John Holttum arrived in Canada in 1898, marrying in Vancouver 1904. He served in World War I at Passchendaele and Vimy Ridge before injury brought him back to Vancouver where he enrolled in a veteran’s course in agriculture. In 1918, there was still land available for pre-emption in the Sunnyside area and John chose a site, which was west of what became Stayte Road (160 Street), along Oliver Road (28 Avenue). Johnston Road (152 Street) was still a narrow trail through the western portion of the district and the Semiahmoo Trail, built in 1865, intersected it in the vicinity of present-day 22 Avenue. In 1919, with the aid of a compass, Holttum began clearing the homestead, which was covered by a dense growth of vine maples.

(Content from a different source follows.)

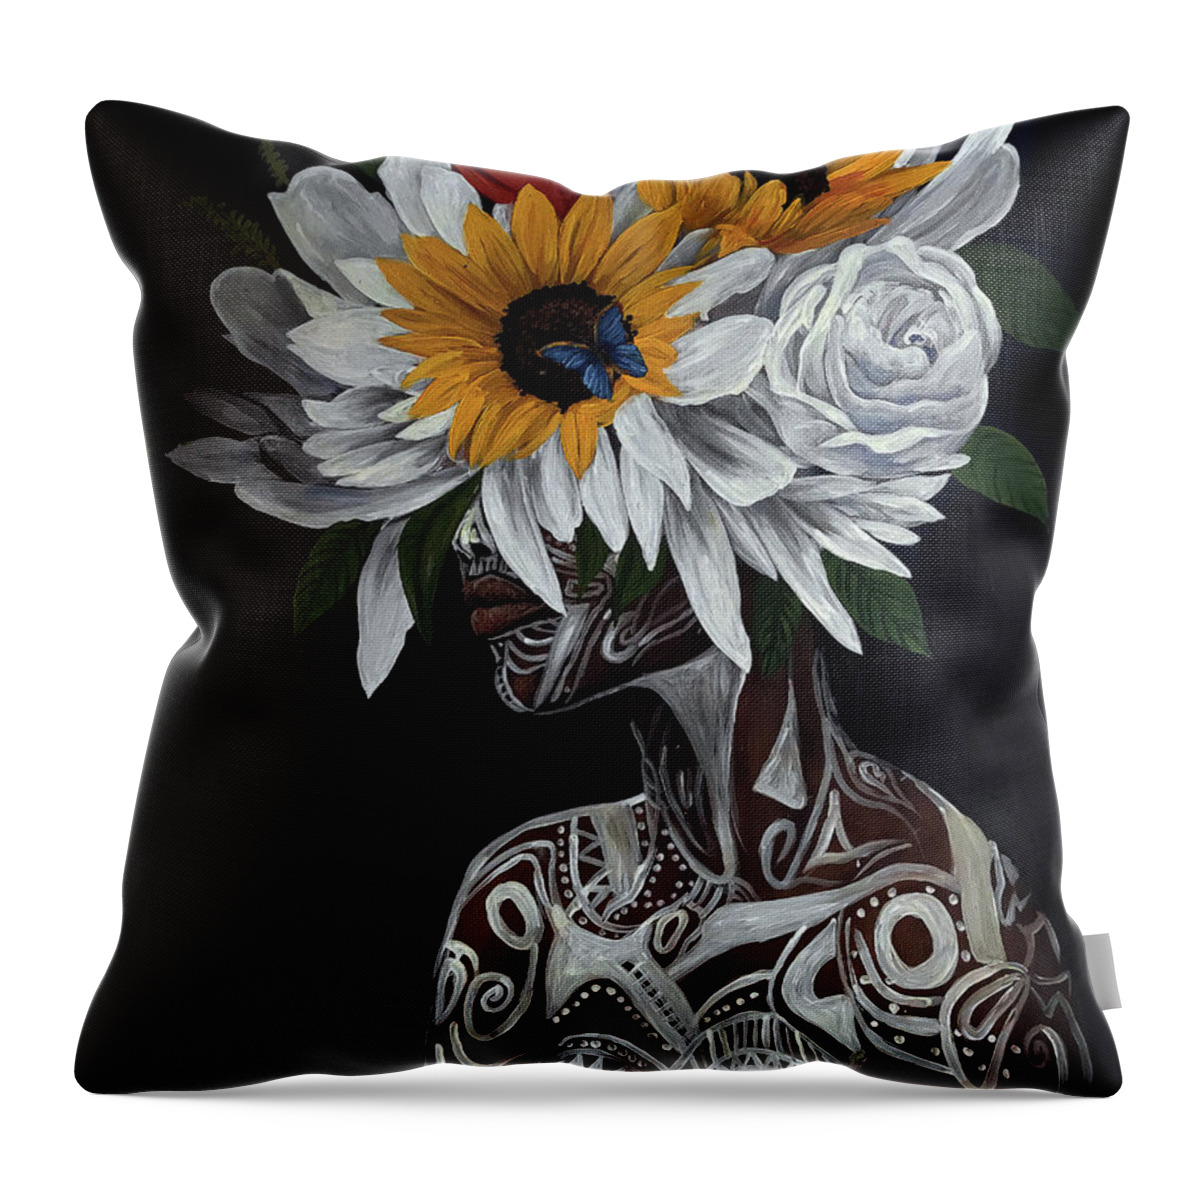 Rmo Throw Pillow featuring the painting African Blossom by Ronnie Moyo

Sunnyside pioneers had a close affinity with the Hazelmere and Grandview Heights communities. The social focus, after the early 1920s, was Hazelmere Hall, built by the volunteer labour of local residents on land donated by carpenter Ernest Hamel. Residents recall parties at the hall, dancing to the music of pianist Andy Westland and his orchestra.
In 1927, relief camps were set up along the roadbed for the future King George Highway. Crews from Camp 205, located at Sunnyside Road, worked from there, south to the border. When the camps were closed in the same year due to worker unrest, a building from Camp 206 was relocated to serve as the Sunnyside Community Hall. It was moved onto land (still on Sunnyside Road) donated by resident George Cook.
A large tract of second growth forest remains in the Sunnyside area. In the late 1980s and early 1990s, public debate in Sunnyside centered on its future use. The site has subsequently been dedicated as Sunnyside Acres Urban Forest Park.